View details for DOI 10.1038/s41467-021-27472-5
View details for PubMedID 34903734
Preferential targeting of MCL-1 by a hydrocarbon-stapled BIM BH3 peptide.
2019; 10 (58): 6219-6233
BCL-2 family proteins are central regulators of apoptosis and represent prime therapeutic targets for overcoming cell death resistance in malignancies. However, plasticity of anti-apoptotic members, such as MCL-1, often allows for a switch in cell death dependency patterns that lie outside the binding profile of targeted BH3-mimetics. Therefore discovery of therapeutics that effectively inactivate all anti-apoptotic members is a high priority. To address this we tested the potency of a hydrocarbon stapled BIM BH3 peptide (BIM SAHB A ) to overcome both BCL-2 and MCL-1 apoptotic resistance given BIM's naturally wide ranging affinity for all BCL-2 family multidomain members. BIM SAHB A effectively killed diffuse large B-cell lymphoma (DLBCL) cell lines regardless of their anti-apoptotic dependence.
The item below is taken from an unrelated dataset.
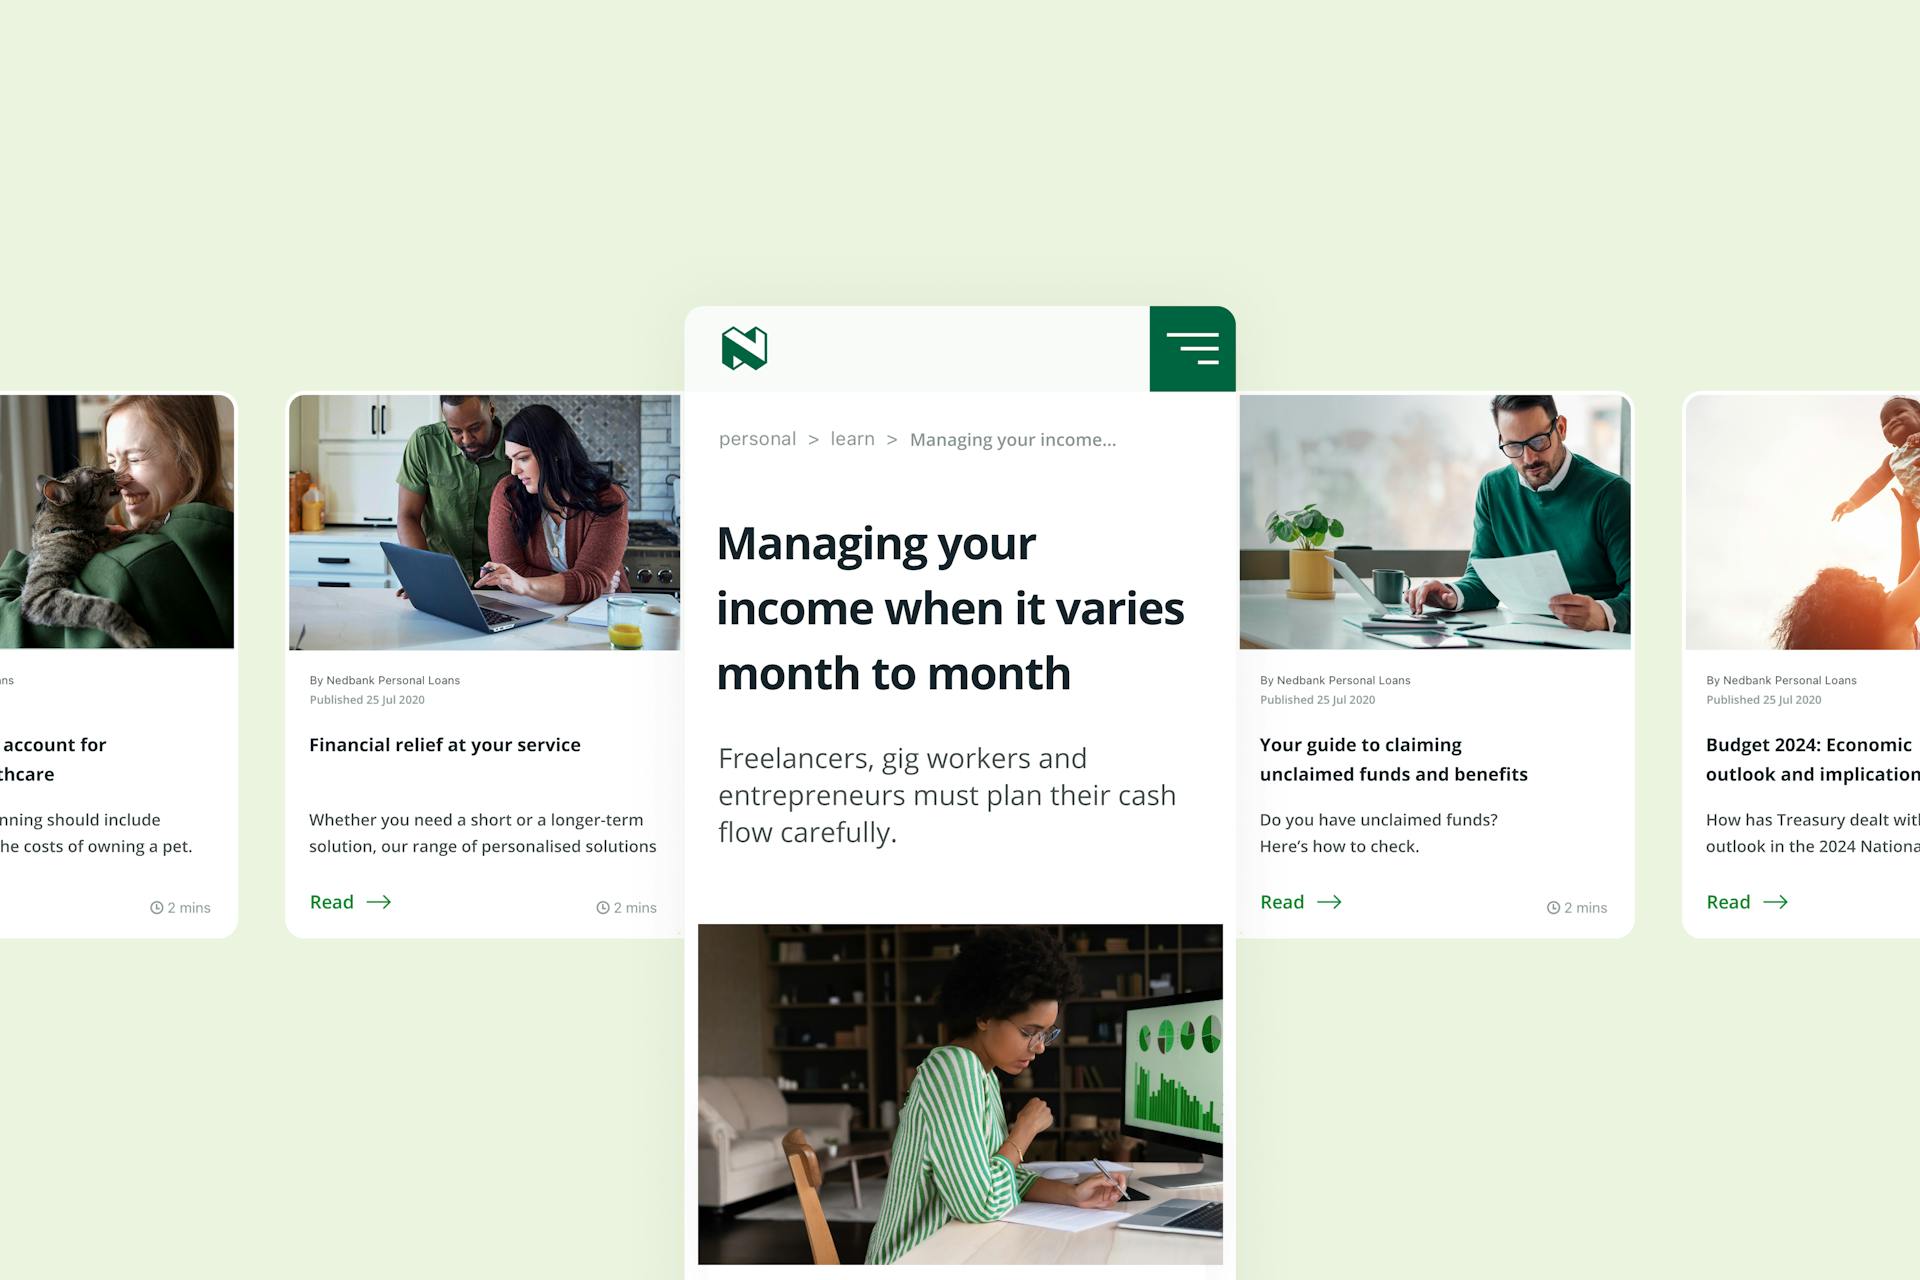 A series of screen shots taken from a banking app, set on a light green background.
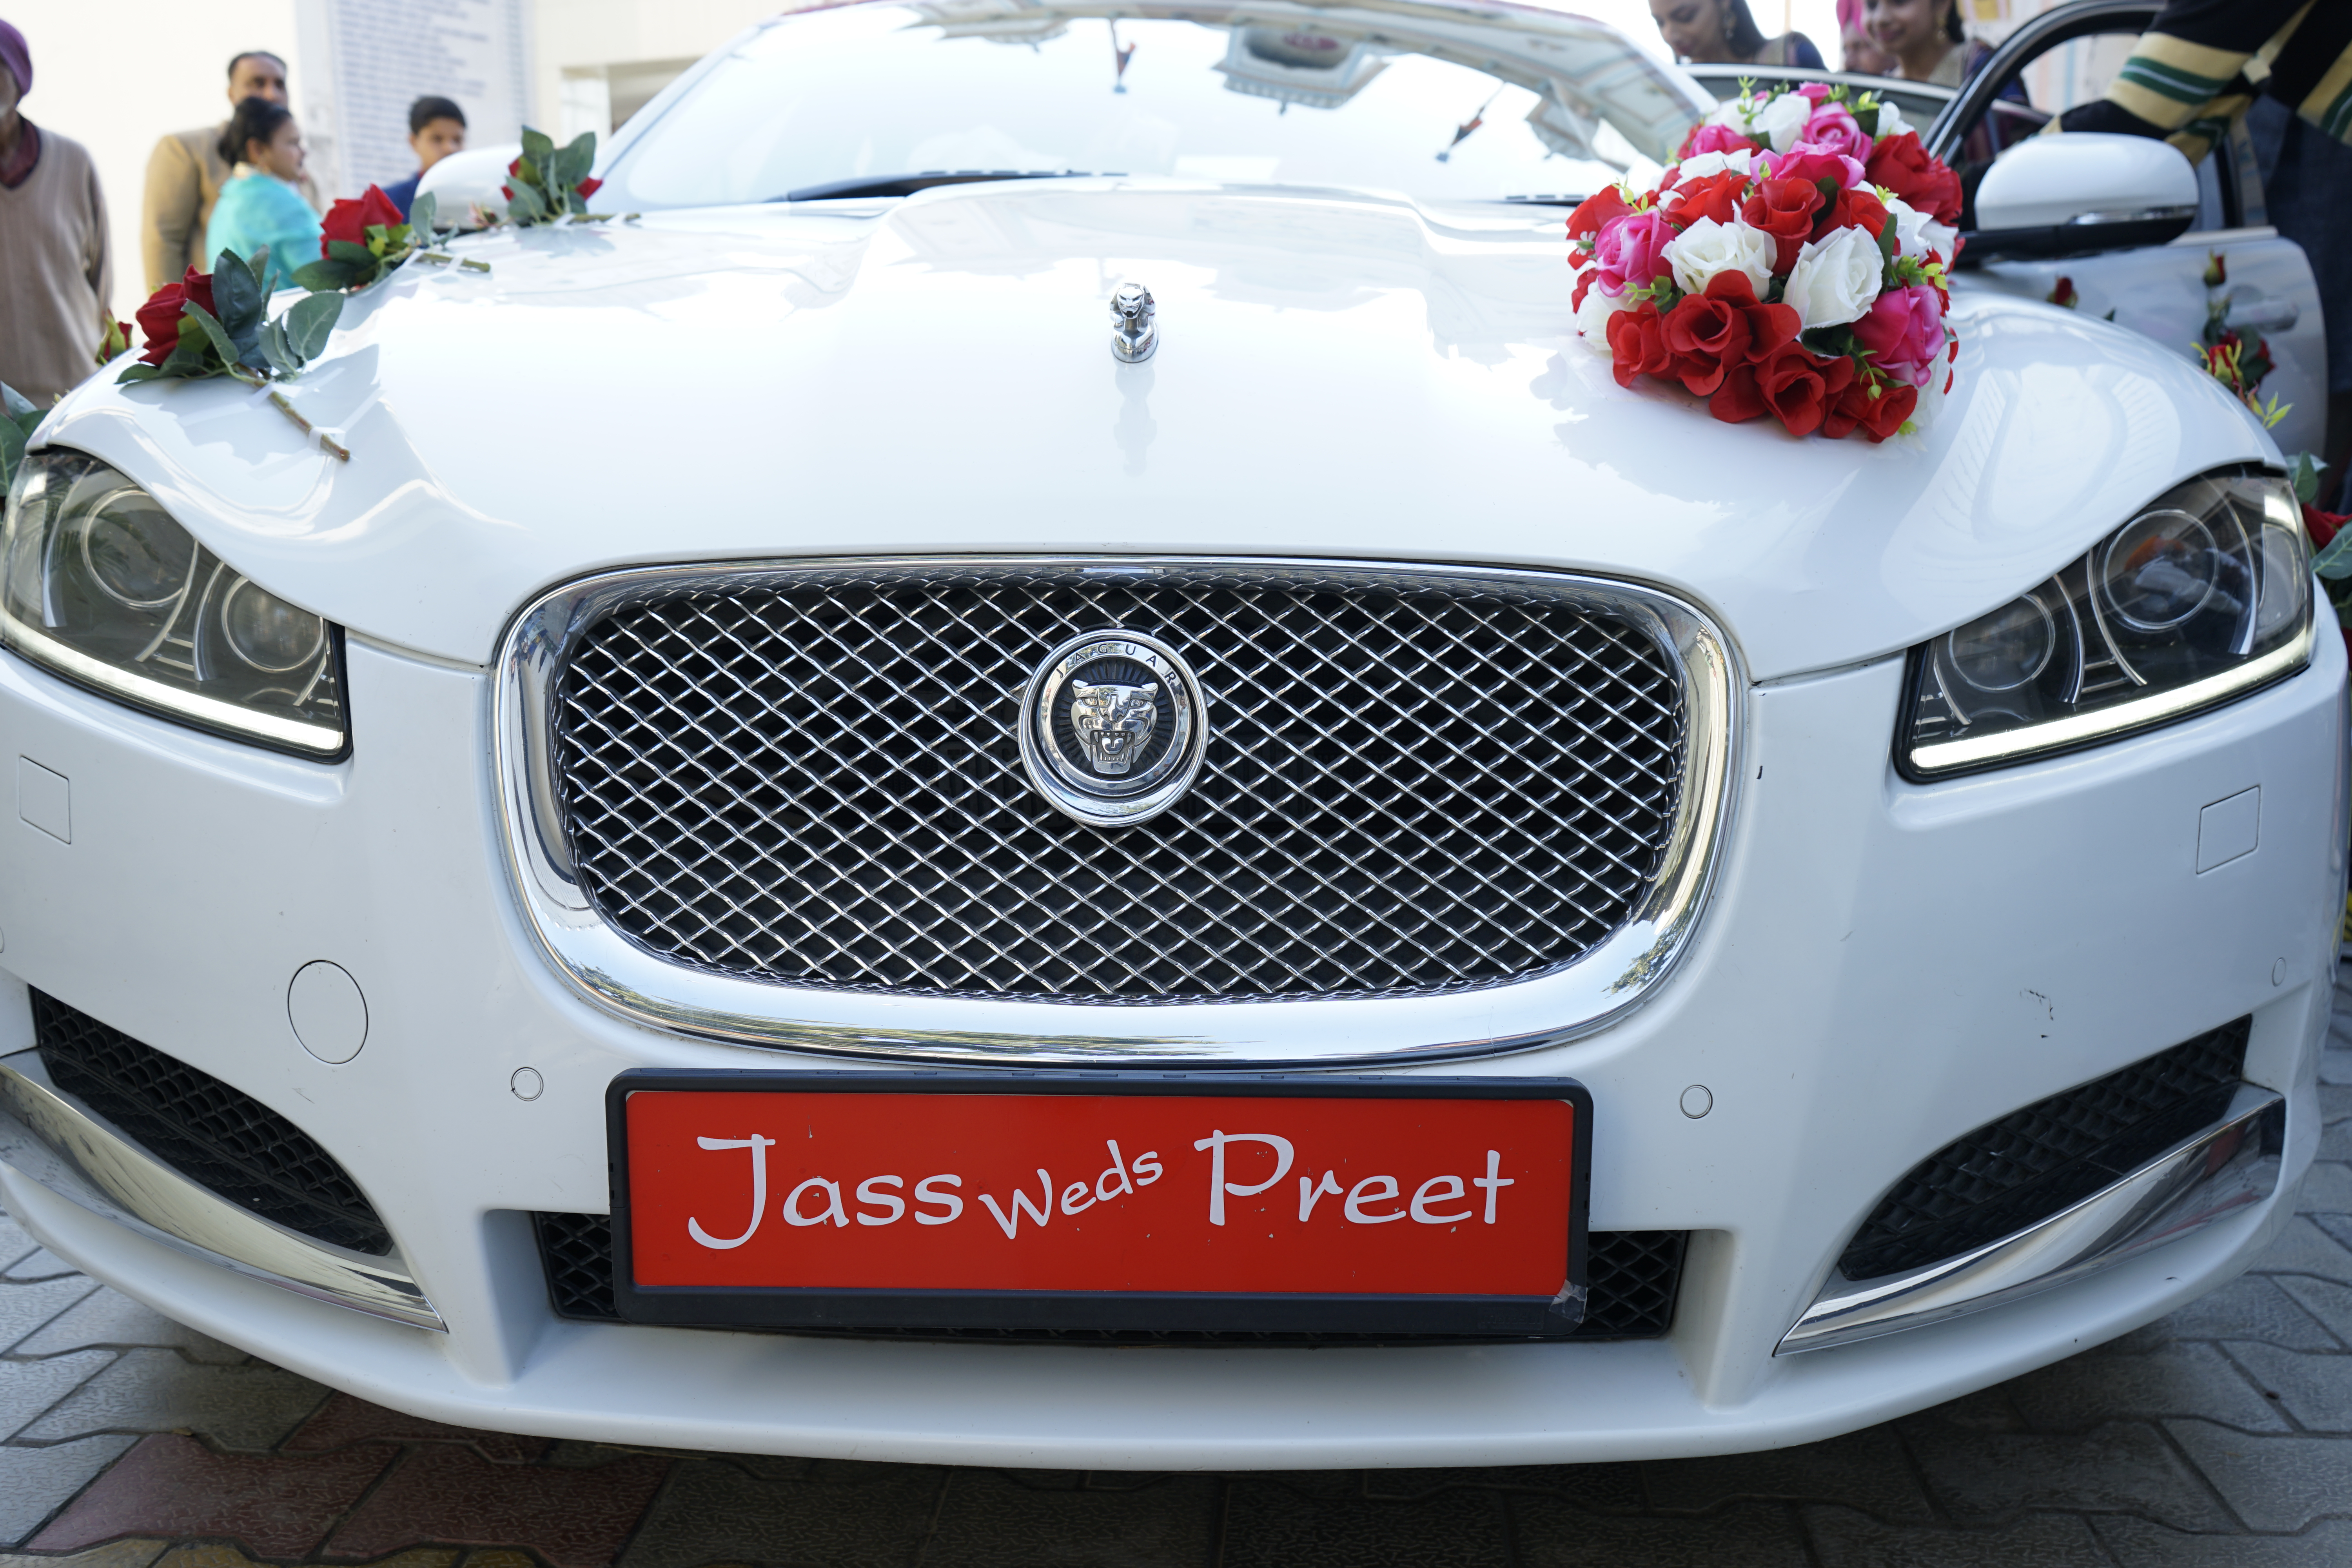 JUST MARRIED Jass Weds Preet Jass Weds Preet for wedding rental in Punjab, India

Despite BIM BH3's ability to bind all BCL-2 anti-apoptotic proteins, BIM SAHB A 's dominant intracellular target was MCL-1 and this specificity was exploited in sequenced combination BH3-mimetic treatments targeting BCL-2, BCL-XL, and BCL-W. Extending this MCL-1 functional dependence, mouse embryonic fibroblasts (MEFs) deficient in MCL-1 were resistant to mitochondrial changes induced by BIM SAHB A . This study demonstrates the importance of understanding BH3 mimetic functional intracellular affinities for optimized use and highlights the diagnostic and therapeutic promise of a BIM BH3 peptide mimetic as a potential MCL-1 inhibitor.